OECDGrowth | R Documentation |

Cross-section data on OECD countries, used for growth regressions.

`data("OECDGrowth")`

A data frame with 22 observations on the following 6 variables.

- gdp85
real GDP in 1985 (per person of working age, i.e., age 15 to 65), in 1985 international prices.

- gdp60
real GDP in 1960 (per person of working age, i.e., age 15 to 65), in 1985 international prices.

- invest
average of annual ratios of real domestic investment to real GDP (1960–1985).

- school
percentage of the working-age population that is in secondary school.

- randd
average of annual ratios of gross domestic expenditure on research and development to nominal GDP (of available observations during 1960–1985).

- popgrowth
annual population growth 1960–1985, computed as

`log(pop85/pop60)/25`

.

Appendix 1 Nonneman and Vanhoudt (1996), except for one bad misprint:
The value of `school`

for Norway is given as 0.01, the correct value is 0.1
(see Mankiw, Romer and Weil, 1992). `OECDGrowth`

contains the corrected data.

Mankiw, N.G., Romer, D., and Weil, D.N. (1992).
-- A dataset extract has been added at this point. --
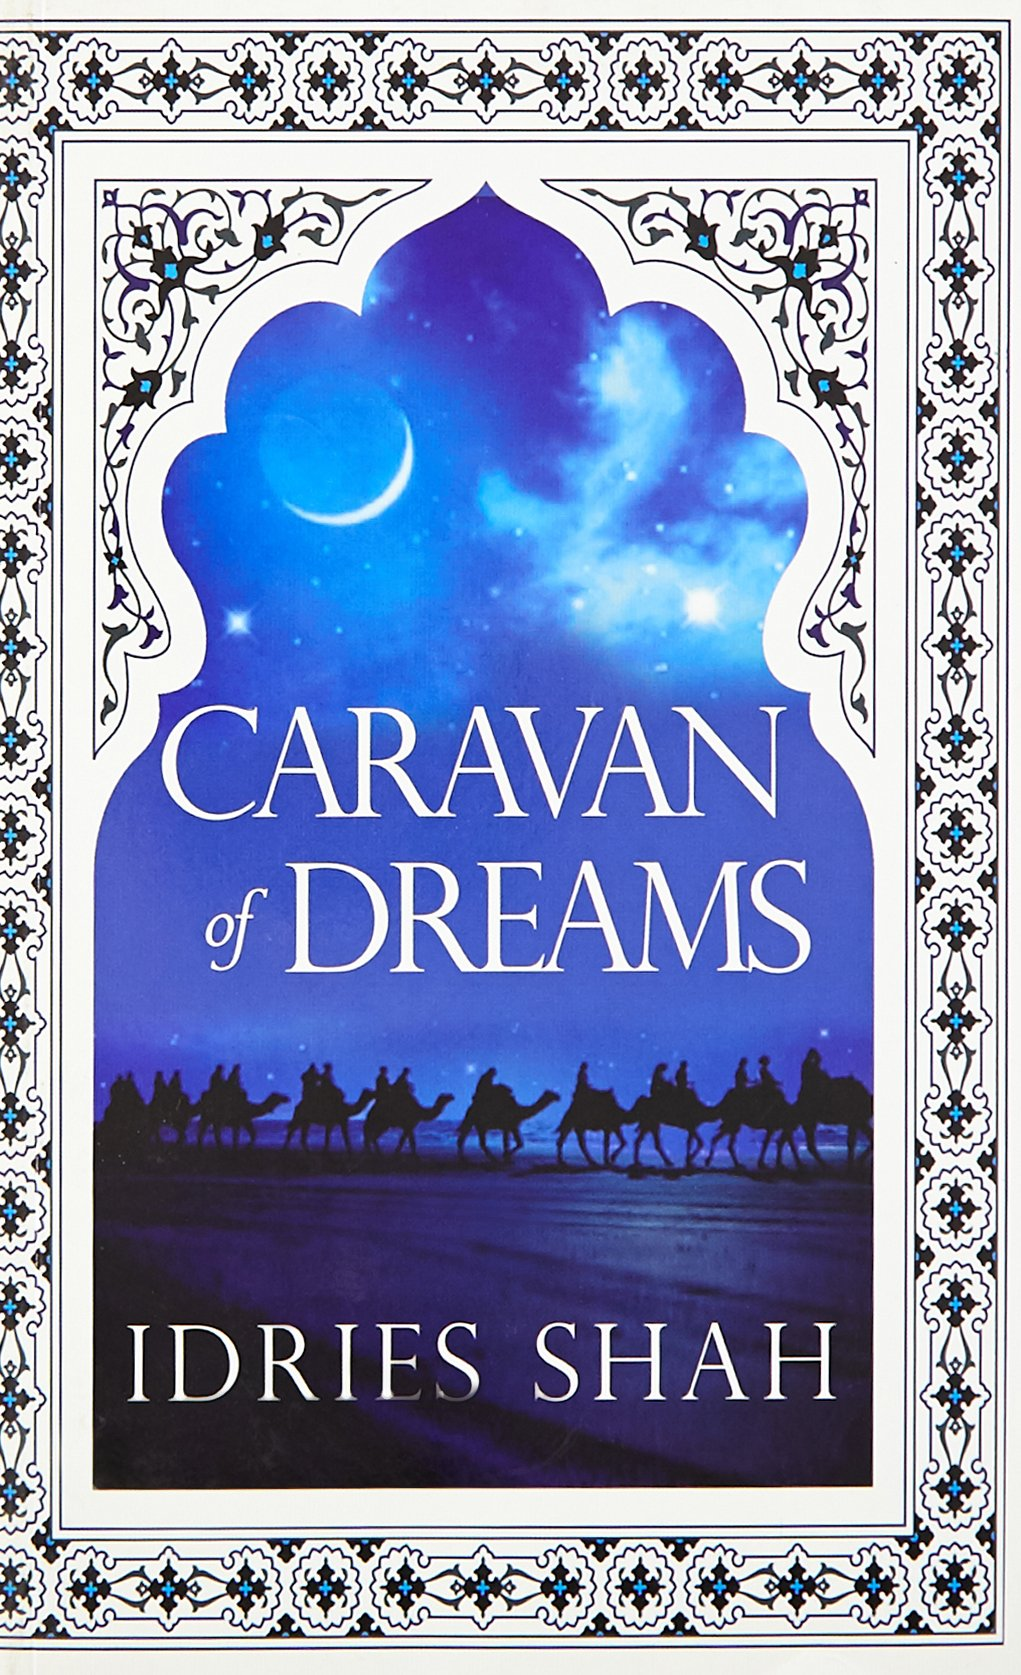 Buy Caravan of Dreams Book Online at Low Prices in India | Caravan of  Dreams Reviews & Ratings - Amazon.in
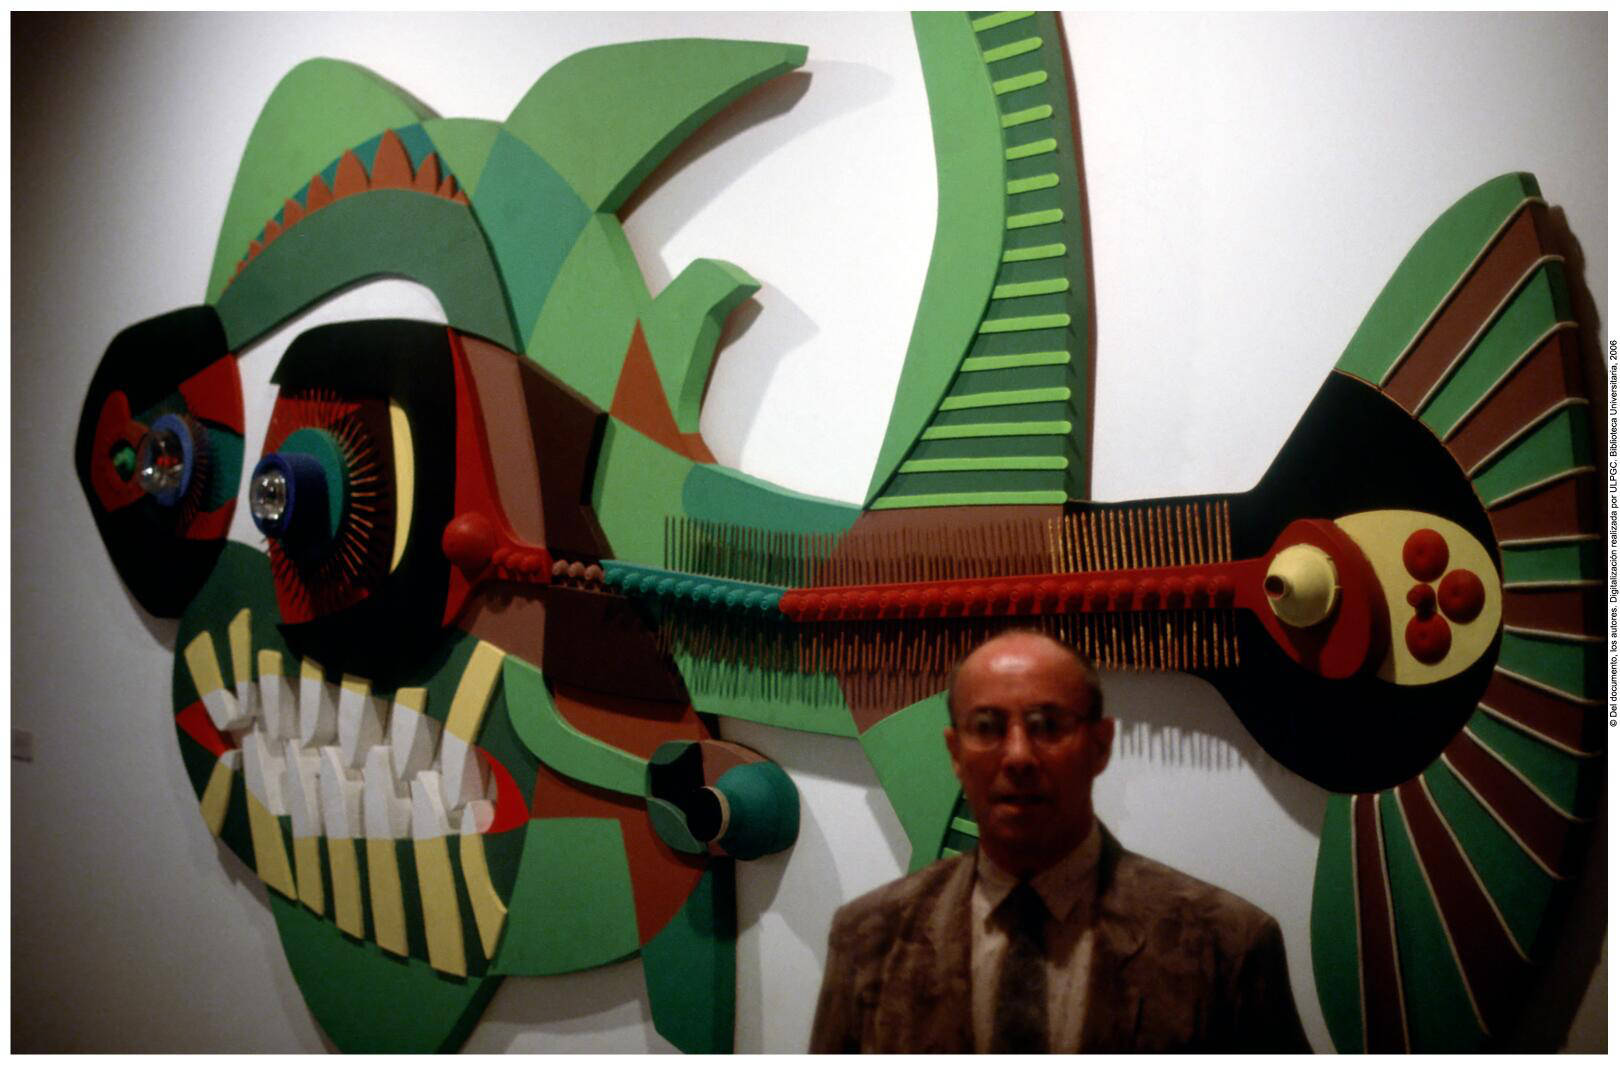 Exposición de César Manrique en Gran Canaria

A Contribution to the Empirics of Economic Growth.
*Quarterly Journal of Economics*, **107**, 407–437.

Nonneman, W., and Vanhoudt, P. (1996). A Further Augmentation of the Solow Model
and the Empirics of Economic Growth. *Quarterly Journal of Economics*, **111**, 943–953.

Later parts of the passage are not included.